Why do thumbhole cuffs matter on a rash guard for paddling?

Thumbhole cuffs are one of those small features that look cosmetic until you've paddled for an hour without them.

The two problems they solve

  1. Sun coverage on the back of your hands. When you're paddling, your hands are up, exposed, and angled directly toward the sun for the entire session. Without thumbholes, your sleeve rides up your forearm and the back of your hand burns first. With thumbholes, you get continuous UPF 50+ coverage from shoulder to knuckle.
  2. Sleeve creep. Every paddle stroke pulls the sleeve a little further up. Without thumbholes, you're tugging the sleeves back down every 5–10 minutes. It's the kind of thing you don't notice until it's gone — then you can't paddle without it.

NIXY Women's Black Rash Guard UPF 50+ Thumbhole Sleeve Detail Sun Protection Swim Shirt

What makes a good thumbhole

  • Reinforced opening.
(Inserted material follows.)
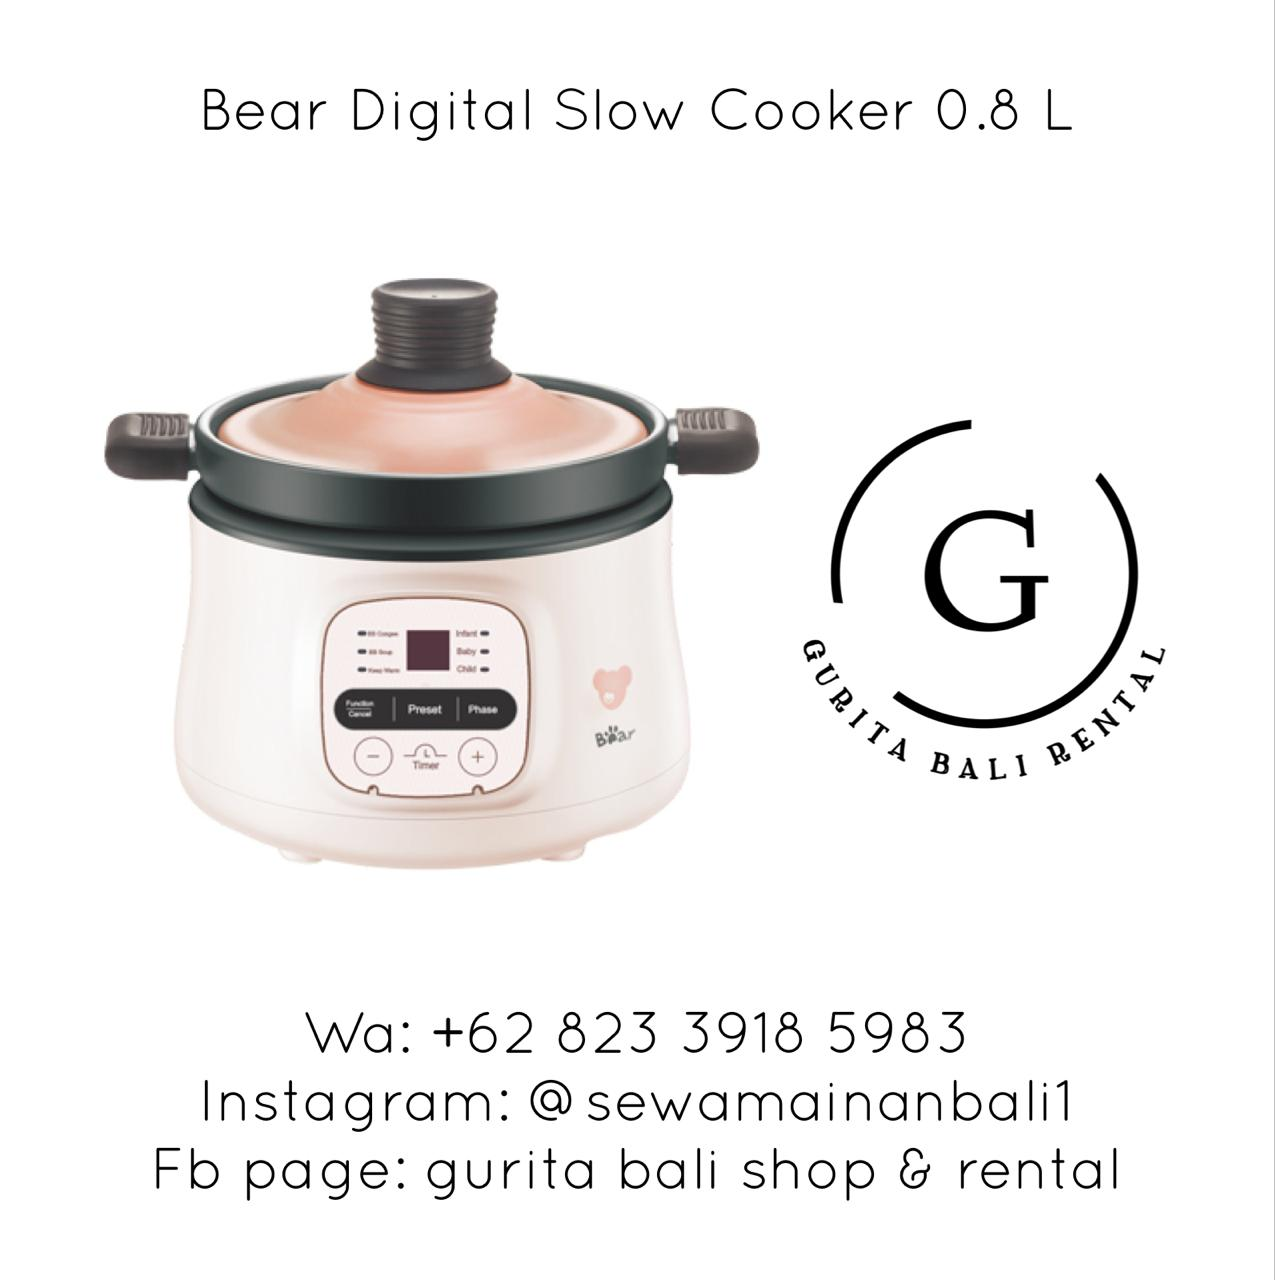 BEAR DIGITAL SLOW COOKER 0.8 L (2)
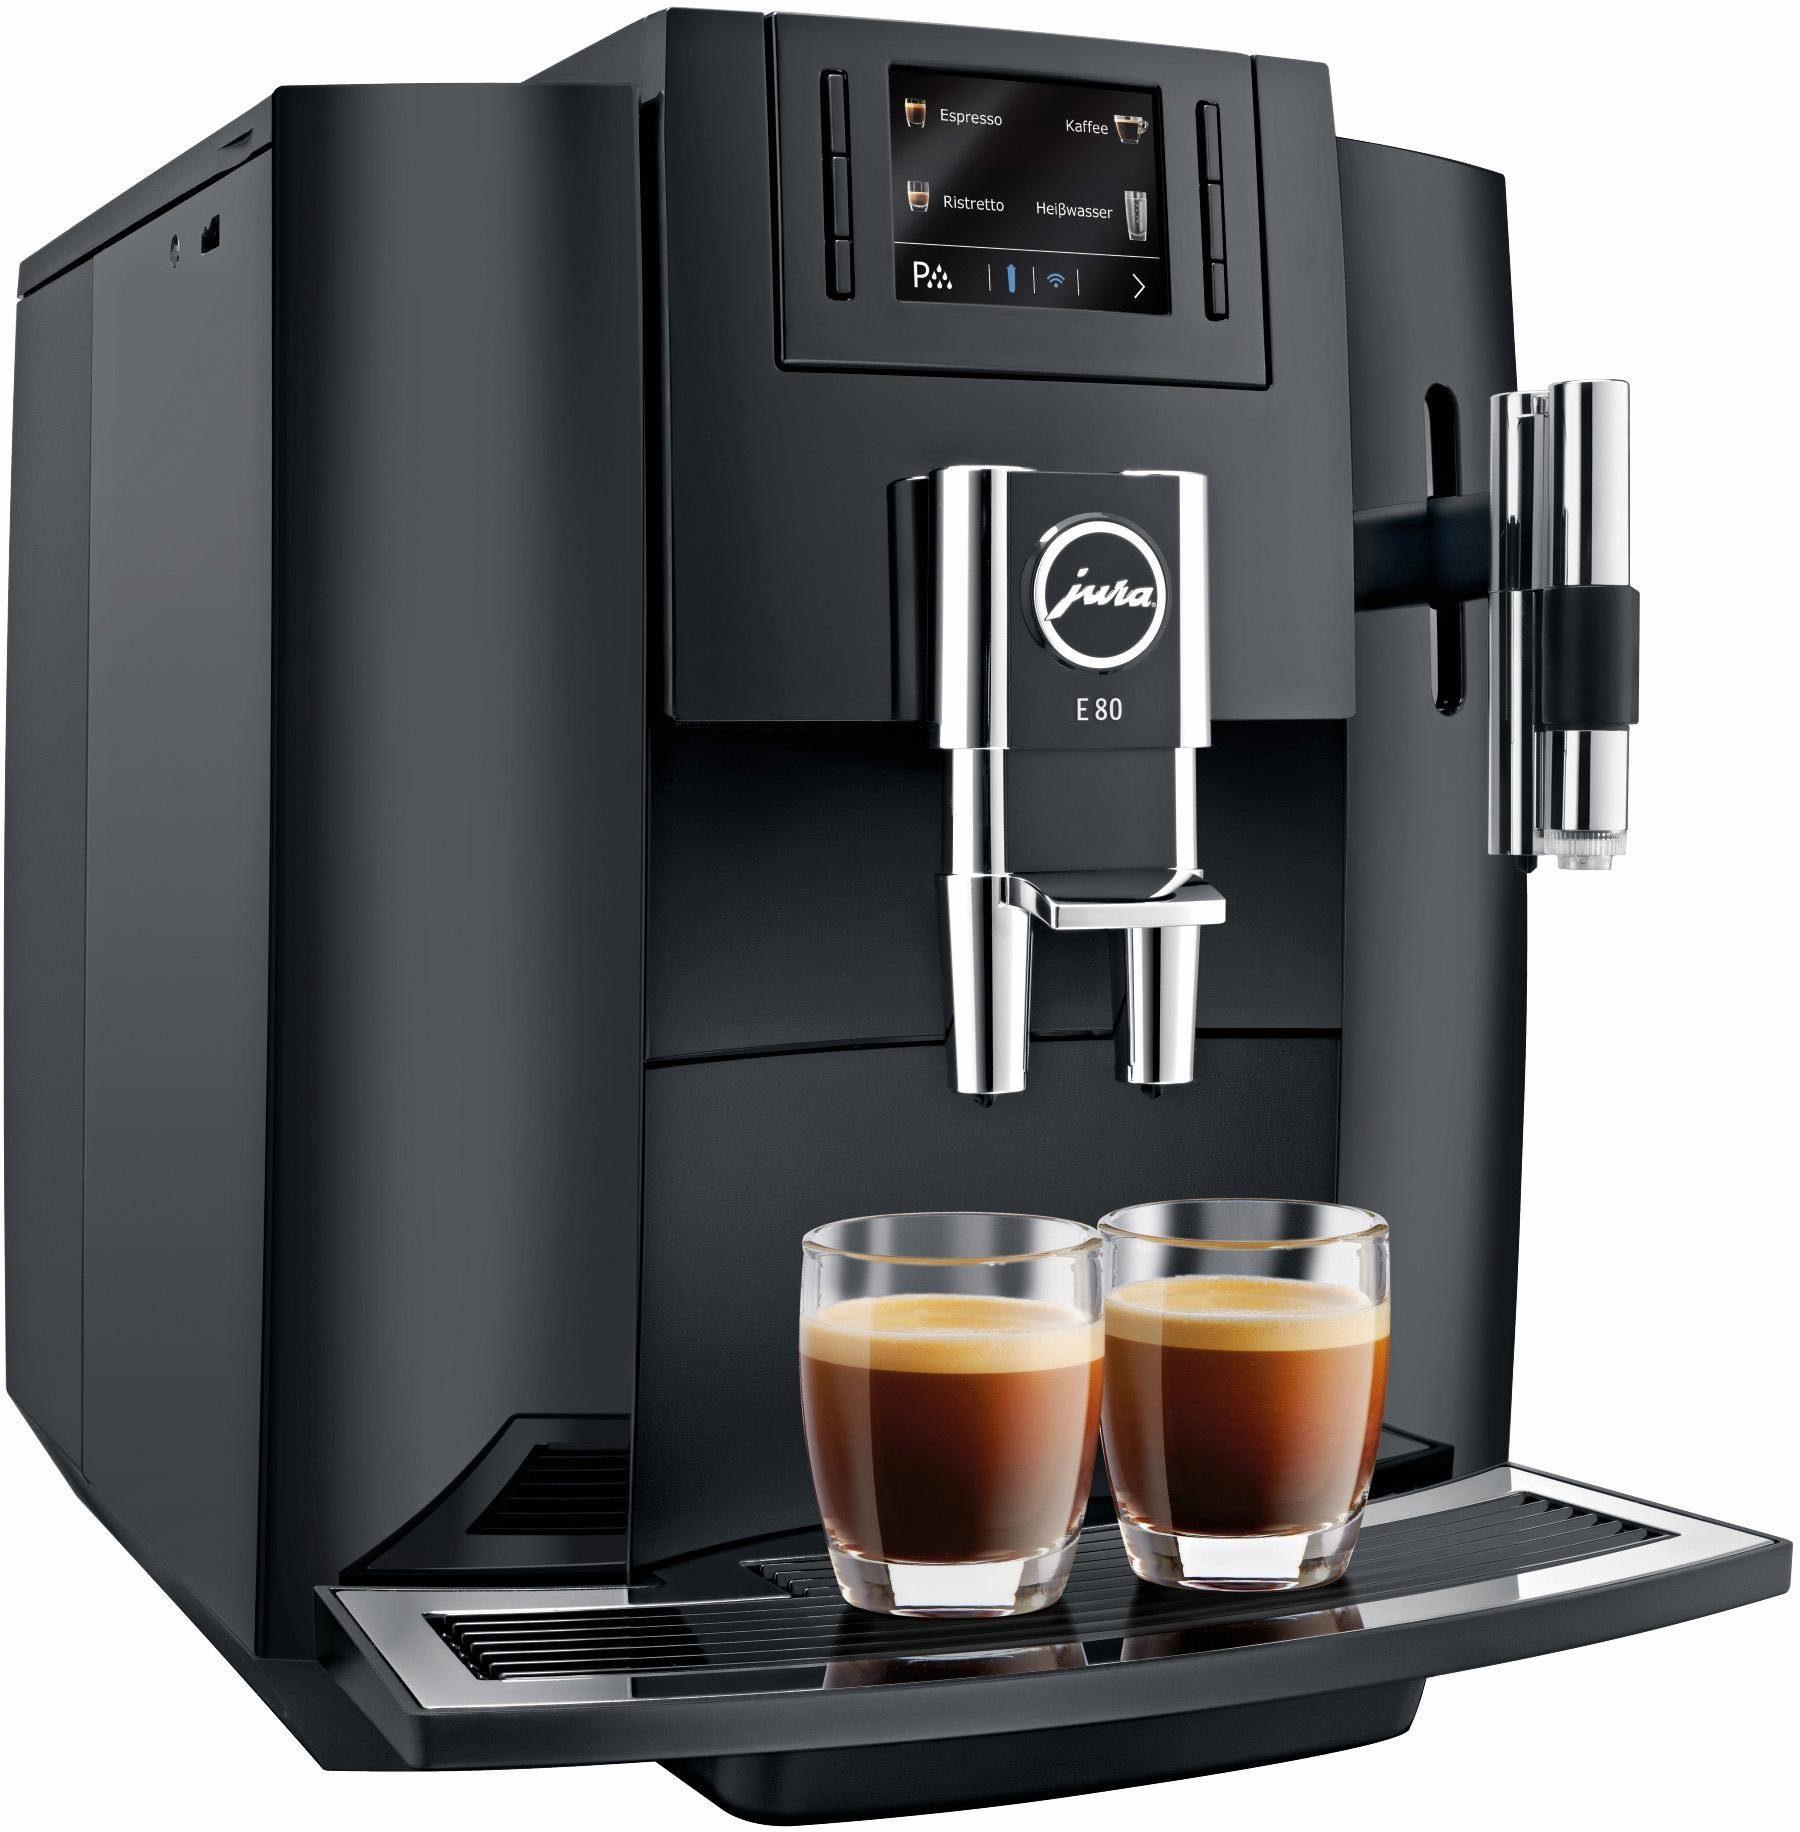 Jura Kaffeevollautomat 15083 E80

The hole shouldn't stretch out or tear after a few uses. NIXY uses a flat-lock reinforced cuff.
  • Positioned correctly. The hole sits at the inside of the wrist, not the outside, so the sleeve covers the back of your hand naturally.
  • Comfortable around the thumb. No raised seam pressing on the web of your thumb where you grip the paddle.

Bonus: thumbholes for surf and SUP paddlers

If you paddle in cool water (Pacific Northwest, Northern California, alpine lakes), thumbholes also help keep the sleeve under a wetsuit or jacket — no bunching at the wrist when you layer up.

NIXY Rash Guards

Both the NIXY Men's Rash Guard UPF 50+ and the NIXY Women's Rash Guard UPF 50+ include reinforced thumbhole cuffs. Combined with UPF 50+ fabric (blocks 98% of UV), four-way stretch, and flat-lock seams, you get a rash guard that actually disappears on the water — which is what you want.

$29 each, sizes XS–XL, 6–7 colors.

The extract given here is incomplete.